Menos discurso, mais resultado: A Licença-Prêmio sai do papel e entra no bolso
texto de Roberto José
Quando o Diário Oficial fala, o barulho costuma ser grande. No último sábado (31), falou alto — e com efeitos práticos — ao publicar a portaria que autoriza a conversão da licença-prêmio em pecúnia para diversos servidores da Polícia Civil da Bahia. Uma vitória concreta, mensurável e, sobretudo, impossível de ser ignorada. Ainda que alguns tentem.
O fato é simples: a conversão da licença-prêmio em pecúnia sempre foi uma reivindicação histórica da categoria. Complexa foi a caminhada até ela se tornar realidade. E é justamente aí que mora a diferença entre quem faz sindicalismo de resultado e quem prefere o conforto da crítica permanente, geralmente feita à distância segura das mesas de negociação.
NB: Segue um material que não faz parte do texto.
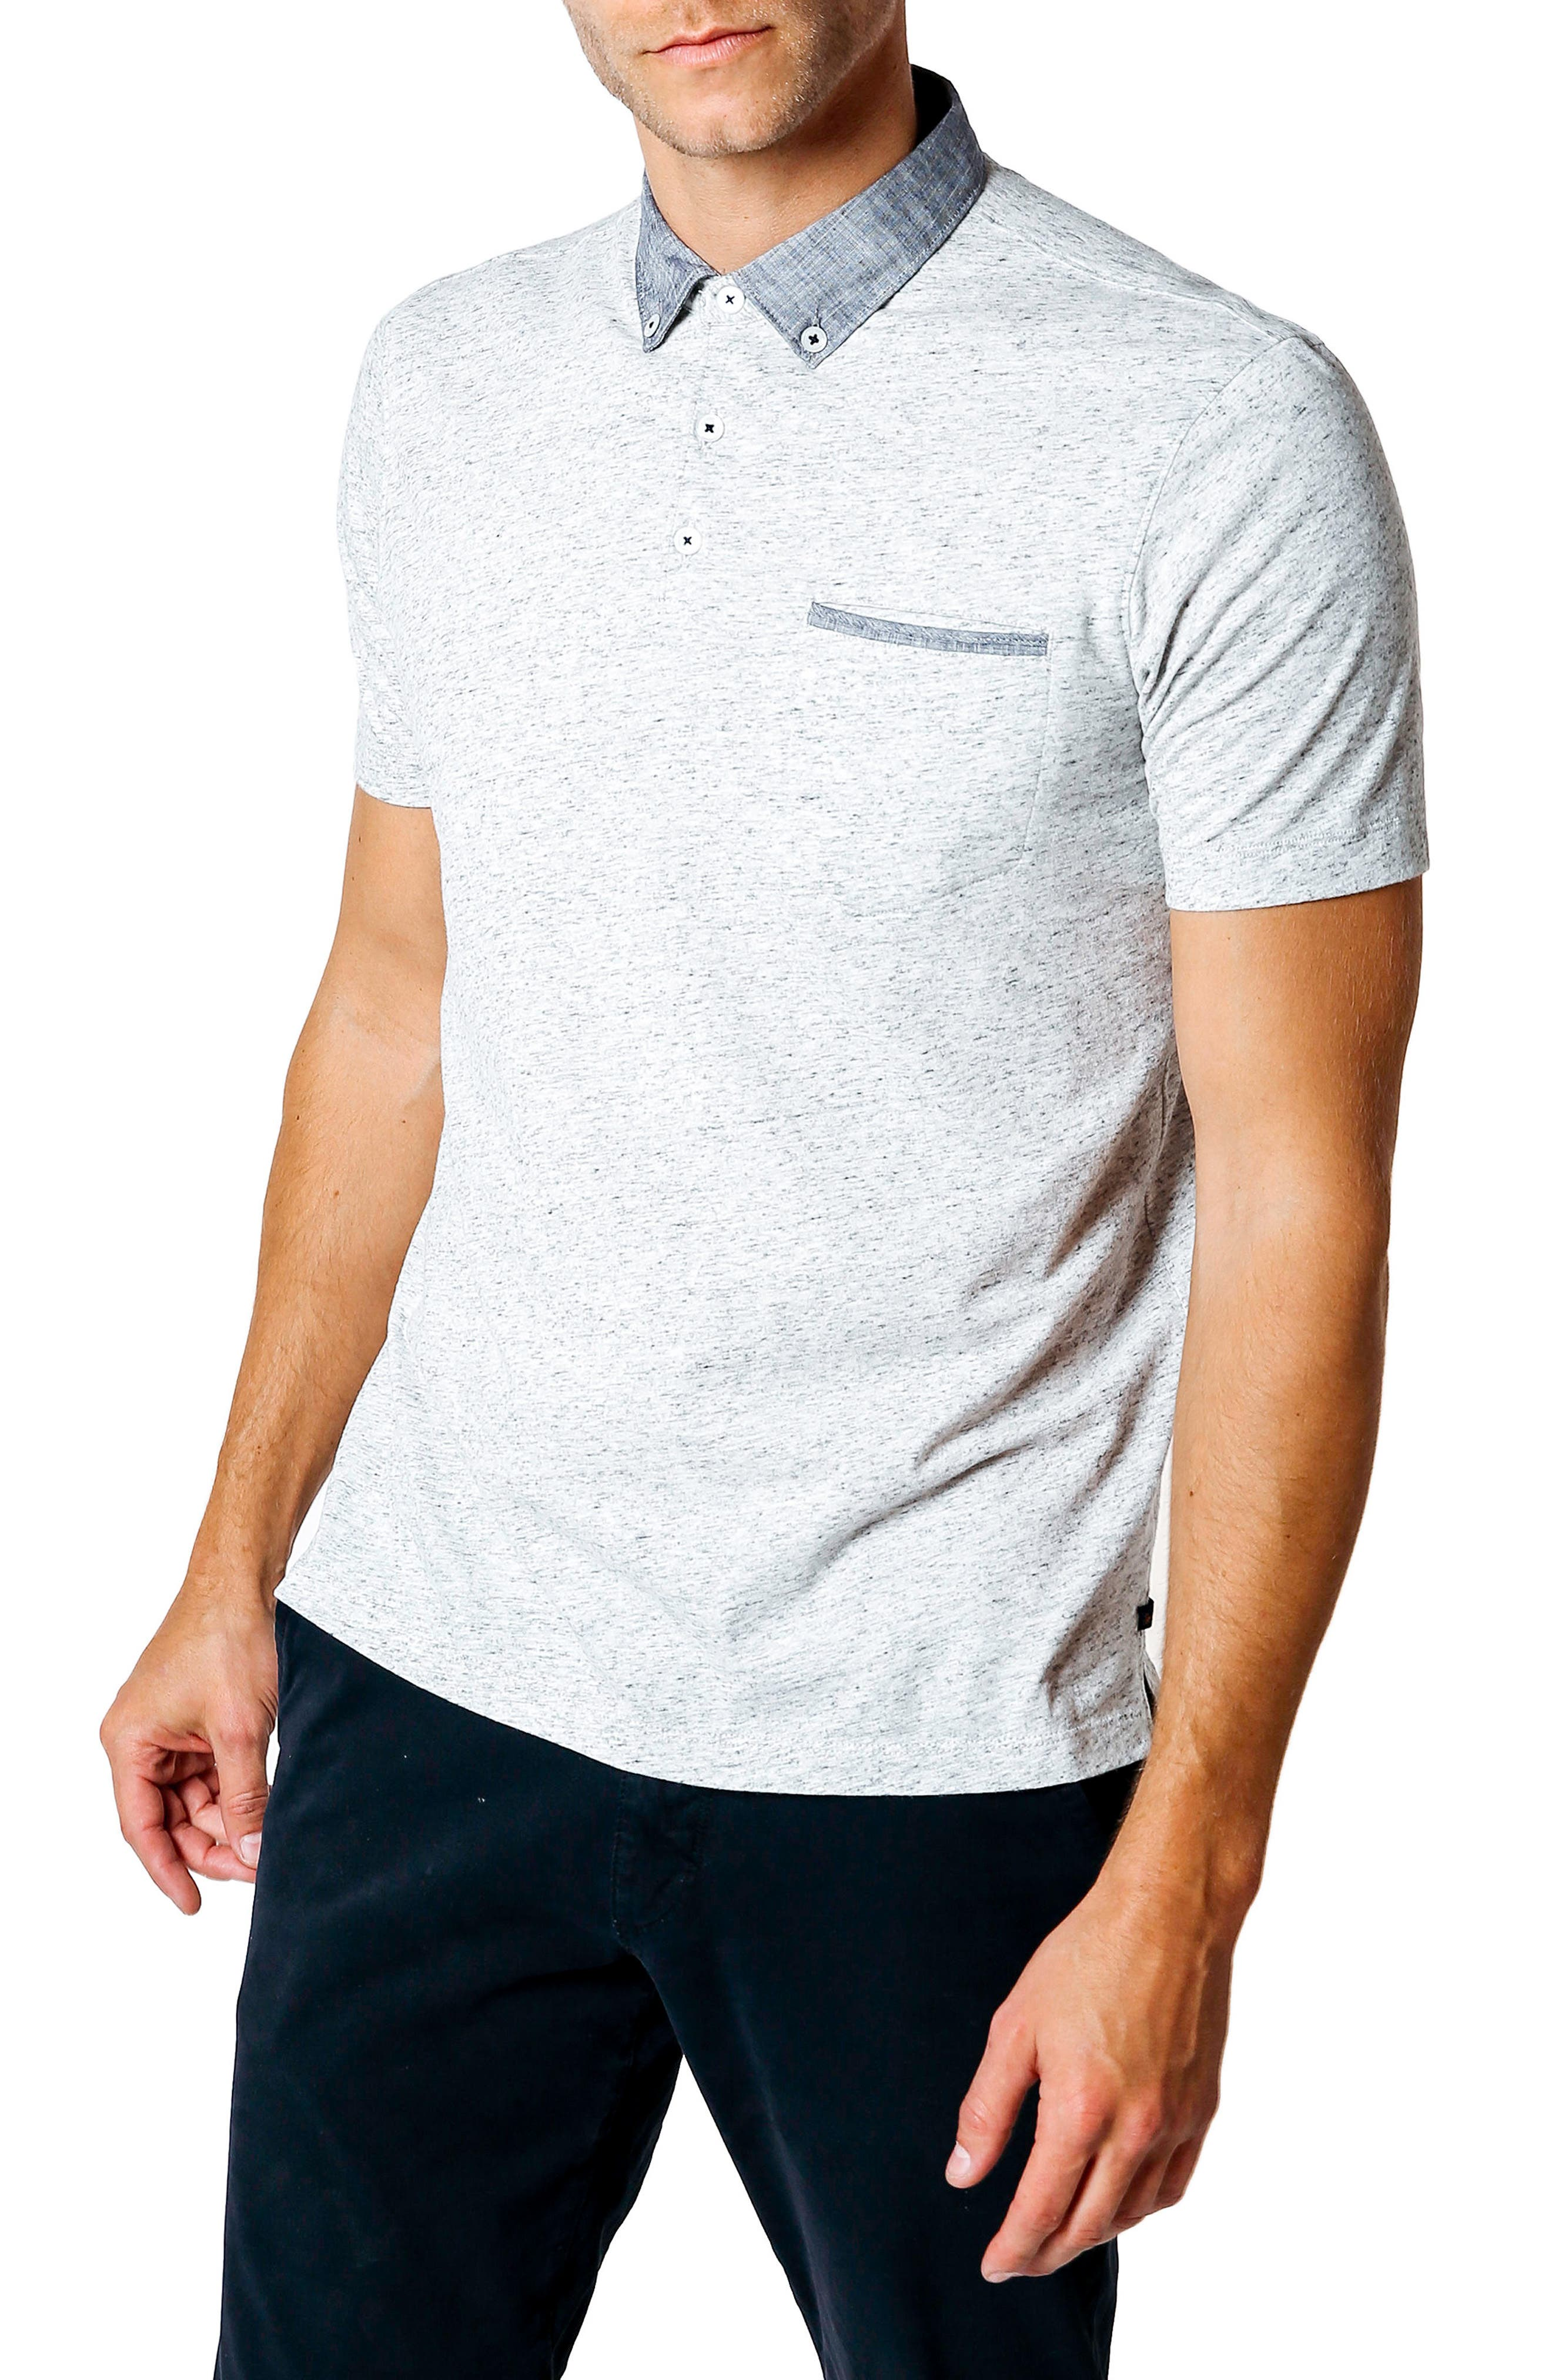 GOOD MAN BRAND Trim Fit Polo Shirt, Main, color, 030

Sob a liderança do presidente do SINDPOC, Eustácio Lopes, o sindicato optou por um caminho pouco glamouroso para quem gosta de holofotes fáceis: diálogo firme, mobilização responsável e persistência. Nada de discursos inflamados para aplausos rápidos, mas vazios. O foco foi trabalho — aquele tipo de trabalho que não rende manchete imediata, mas rende portaria publicada e dinheiro no bolso do servidor.
Enquanto isso, a chamada “oposição sindical” segue fiel à sua especialidade: aparecer depois do resultado, torcer o nariz e tentar explicar por que, apesar da conquista, ela “não é bem assim”. Curiosamente, essas vozes costumam surgir sempre após o DOE, nunca antes. Talvez porque lutar dê trabalho, e comentar seja bem mais confortável.
Eustácio Lopes foi direto ao ponto ao afirmar que a publicação da portaria é fruto de uma luta constante da atual gestão do SINDPOC. E não há ironia maior do que ver direitos históricos finalmente reconhecidos enquanto alguns ainda insistem em tratar conquista como acaso. Não foi sorte. Foi estratégia, foi insistência e foi compromisso com a valorização do policial civil baiano.
A conversão da licença-prêmio em pecúnia simboliza mais do que um benefício financeiro: representa respeito ao servidor e reconhecimento ao seu tempo de serviço. E também deixa uma lição clara no ar — sindicalismo que funciona não é o que grita mais alto, é o que entrega.
No fim das contas, o Diário Oficial não publica discurso, publica resultado. E, desta vez, o resultado tem nome, sobrenome e liderança.